WHAT YOU WILL DO: Using only the entries below, copy exactly the lines that begin at the one with "Art Nouveau style" and end at the one with "This charming Art", both included. Drop the pictures.

DATA SECTION:
________________
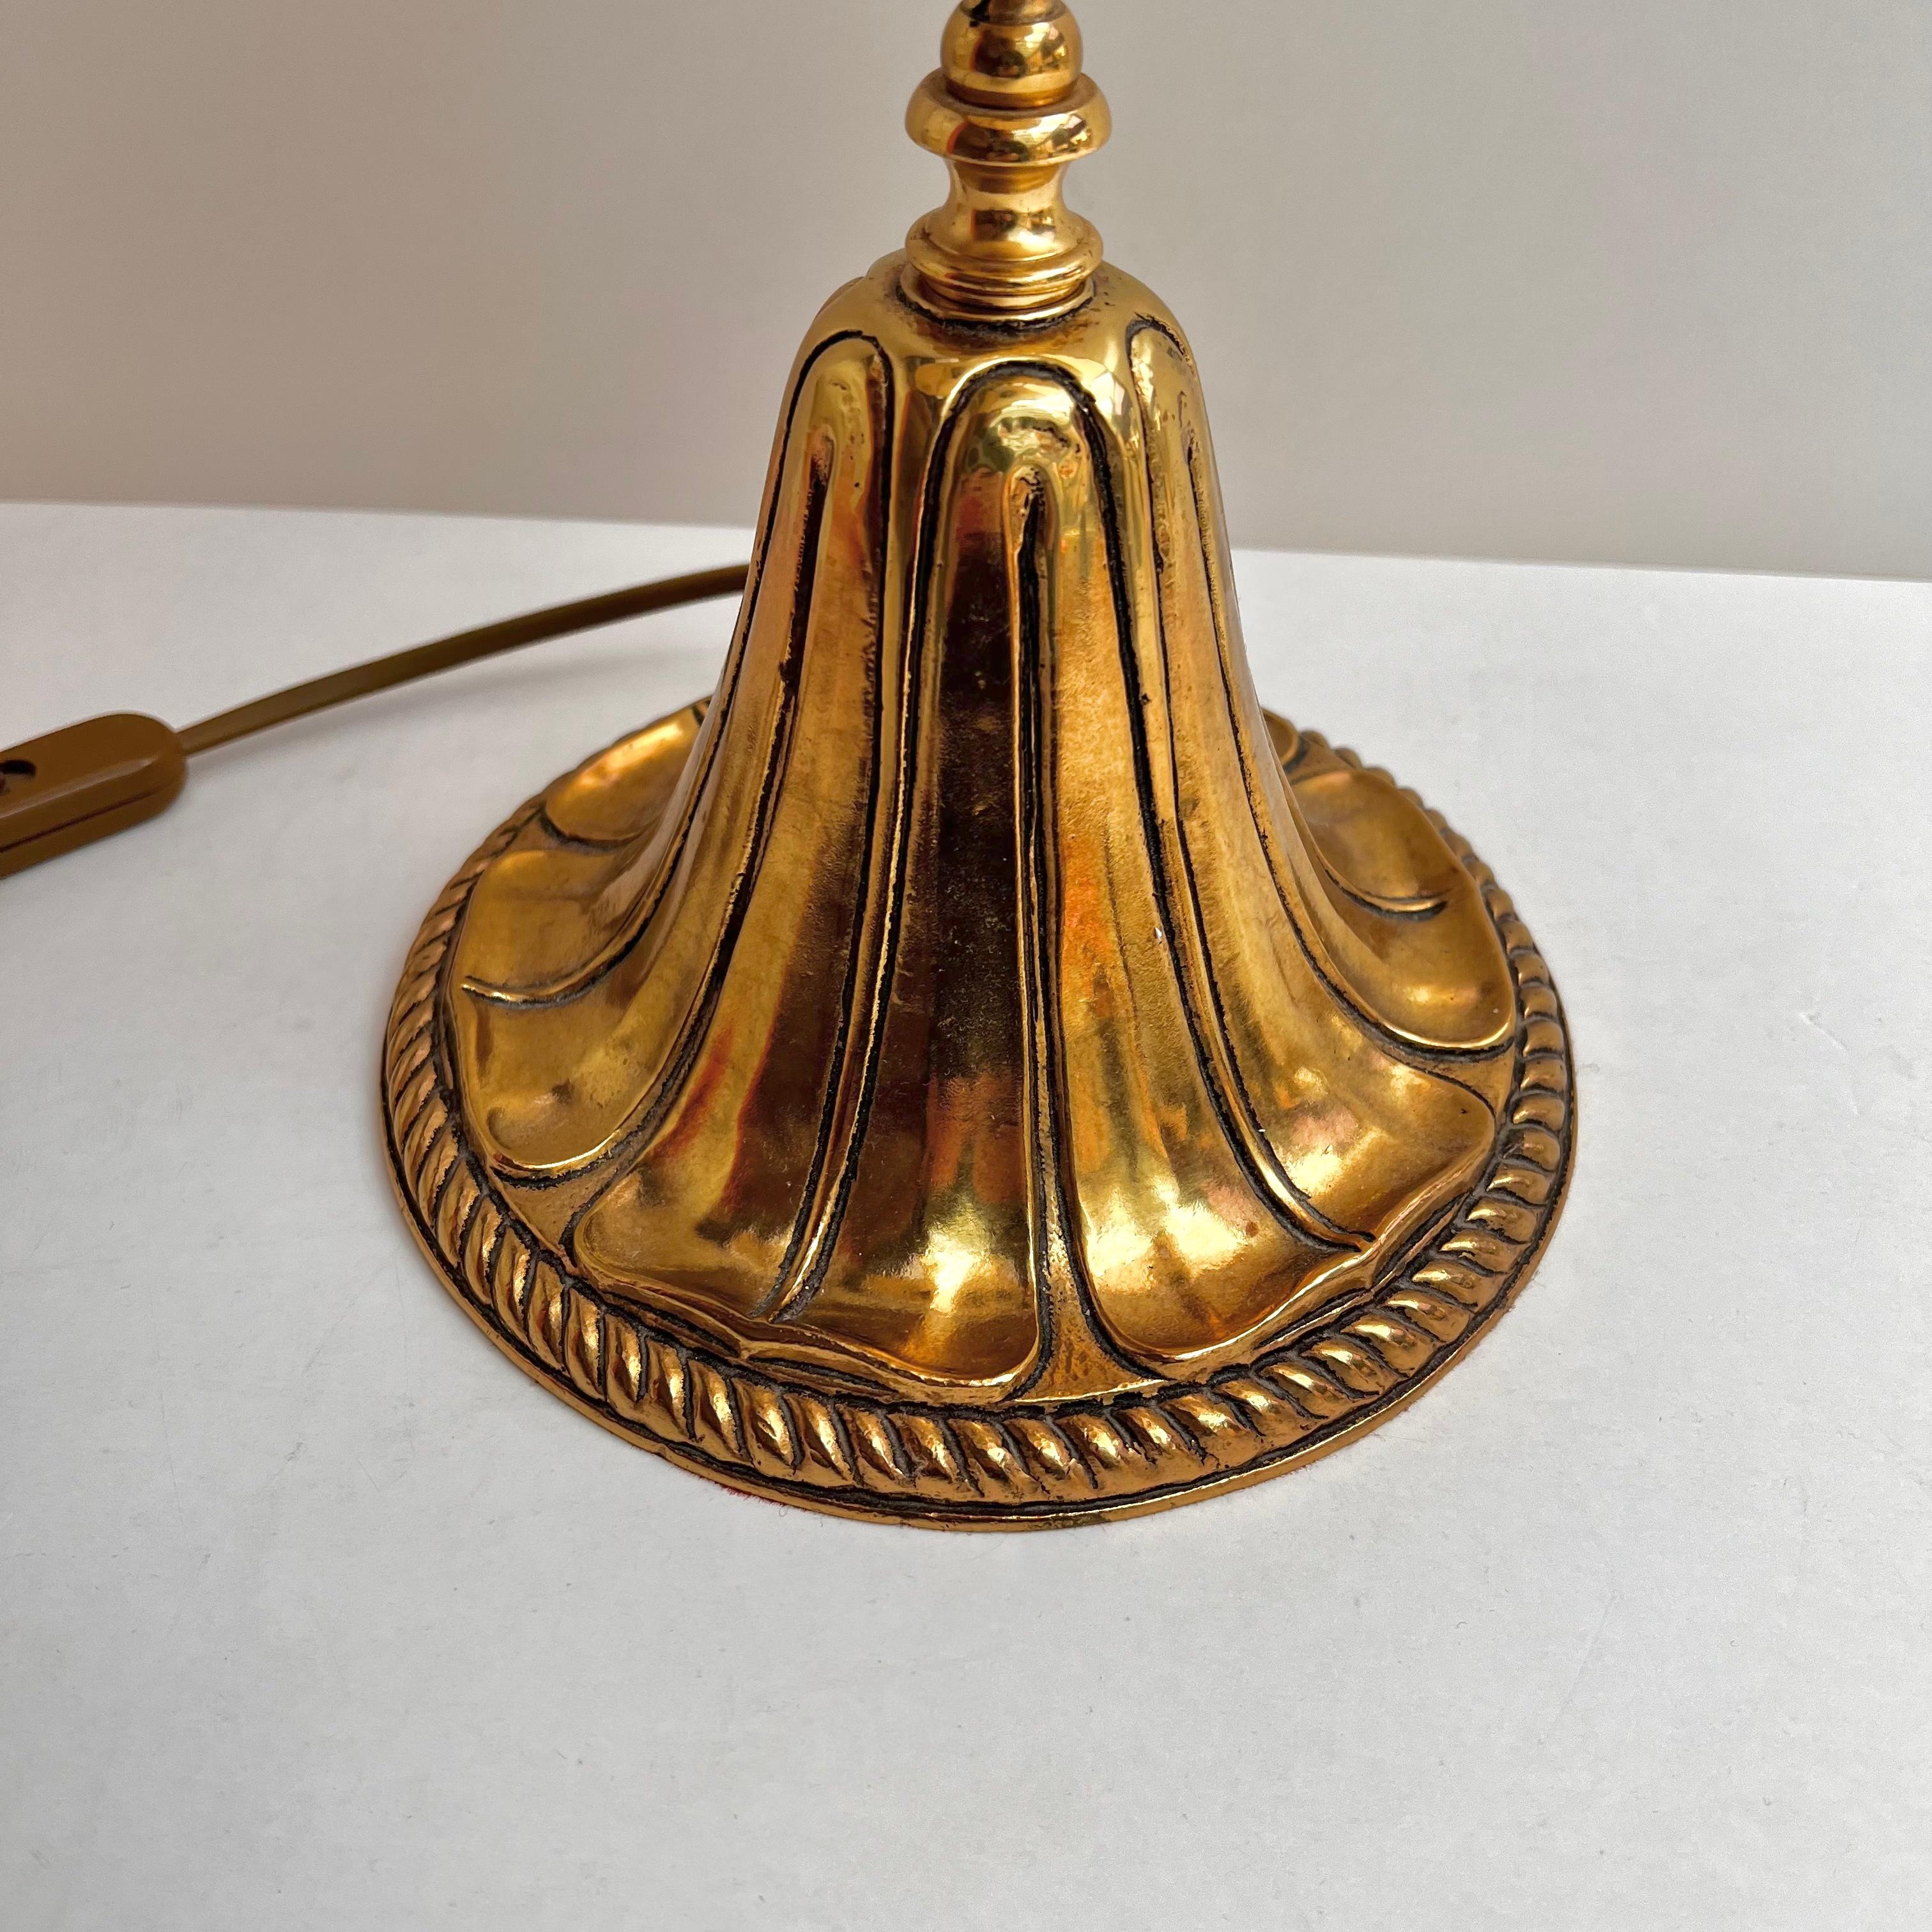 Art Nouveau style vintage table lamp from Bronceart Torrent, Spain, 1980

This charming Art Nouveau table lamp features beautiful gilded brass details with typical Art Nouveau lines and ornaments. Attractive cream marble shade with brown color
________________
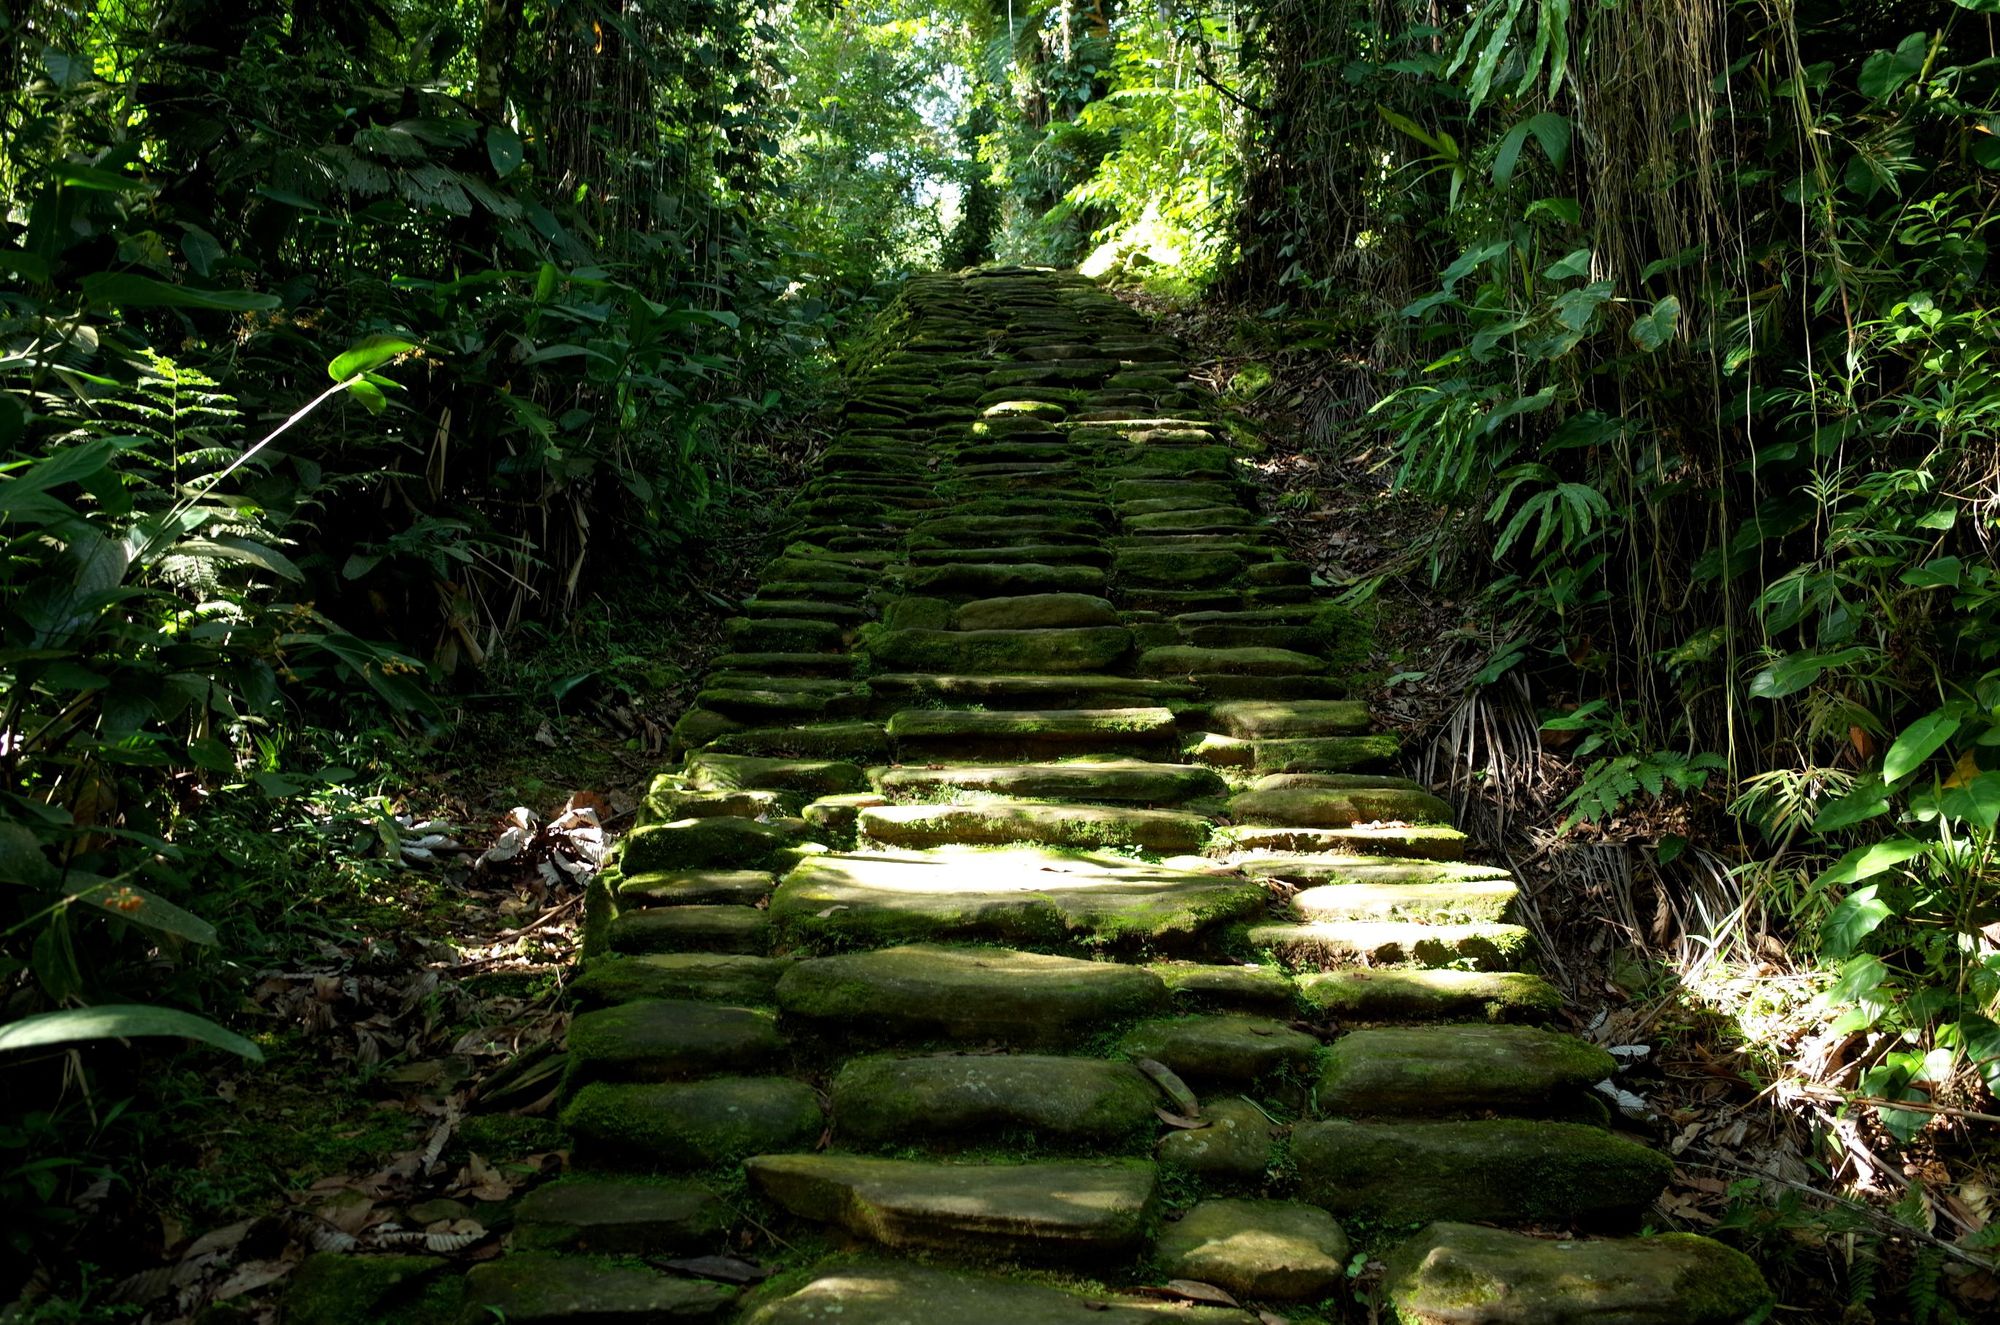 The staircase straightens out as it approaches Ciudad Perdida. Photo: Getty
________________
WRITTEN ANSWER:
 Art Nouveau style vintage table lamp from Bronceart Torrent, Spain, 1980

This charming Art Nouveau table lamp features beautiful gilded brass details with typical Art Nouveau lines and ornaments. Attractive cream marble shade with brown color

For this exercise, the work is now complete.